The metrics indicate that the custom pipeline performs not very well on the DED21 dataset. The VAD error rate is relatively low (although it could be even lower), so VAD does not seem to be the problem. The metrics for speaker change detection (`seg_`) also show an acceptable performance of the pipeline.
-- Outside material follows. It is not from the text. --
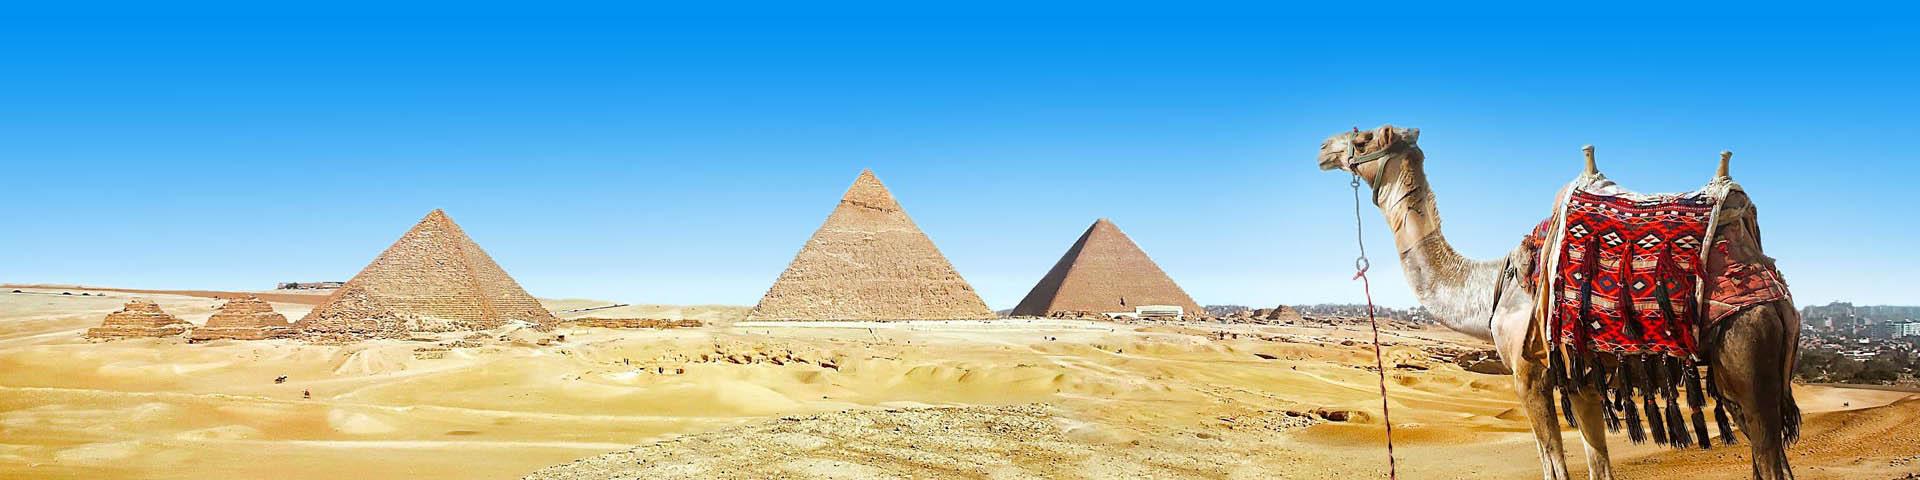 Pyramides en kamelen in Egypte

However, the diarization metrics (`der`, `d_cov`, `d_pur`) signal that the speaker embeddings or the clustering performed inadequately.

In [29]:
for i, sample in enumerate(dataset):
    reference = convert_rttm_annotation(load_speech_sequence(DATA_DIR, DATASET, i))
    hypothesis = convert_rttm_annotation(load_speech_sequence(os.path.join("results", "pyannote"), DATASET, i))
    print(f"Sample {i}:")
    for met in metrics.keys():
        print(f"{met}: {metrics[met](reference, hypothesis)}")

Sample 0:
der: 0.35585114806017526
d_cov: 0.9542816997557668
d_pur: 0.6853093627762681
d_map: {'SPEAKER_00': 'Marijnissen', 'SPEAKER_01': 'Kaag', 'SPEAKER_03': 'Rutte', 'SPEAKER_04': 'Hoekstra'}
vad_err: 0.04241646872525815
seg_pre: 0.18085106382978725
seg_rec: 0.7727272727272727
seg_cov: 0.599764734004743
seg_pur: 1.0
Sample 1:
der: 0.3851063358440405
d_cov: 0.9198759029869336
d_pur: 0.6738817274239243
d_map: {'SPEAKER_00': 'Kaag', 'SPEAKER_01': 'Klaver', 'SPEAKER_02': 'Marijnissen', 'SPEAKER_03': 'Burger', 'SPEAKER_04': 'Rutte', 'SPEAKER_05': 'Wilders'}
vad_err: 0.025117412494461443
seg_pre: 0.2084942084942085
seg_rec: 0.8571428571428571
seg_cov: 0.616670700847178
seg_pur: 0.9999999999999998


For the pyannote pipeline, the metrics suggest a much better and adequate performance. The VAD error rate is very low, whereas the speaker change detection metrics are comparable to the ones for the custom pipeline. The speaker diarization metrics indicate moderate performance, suggesting that the embedding and clustering worked much better than for the custom pipeline. The higher coverage compared to the purity suggests that the pipeline slightly oversegments the speech signal (i.e., it merges multiple reference speaker into one hypothesized speaker). This can be explained by the lower number of detected speakers compared to the reference.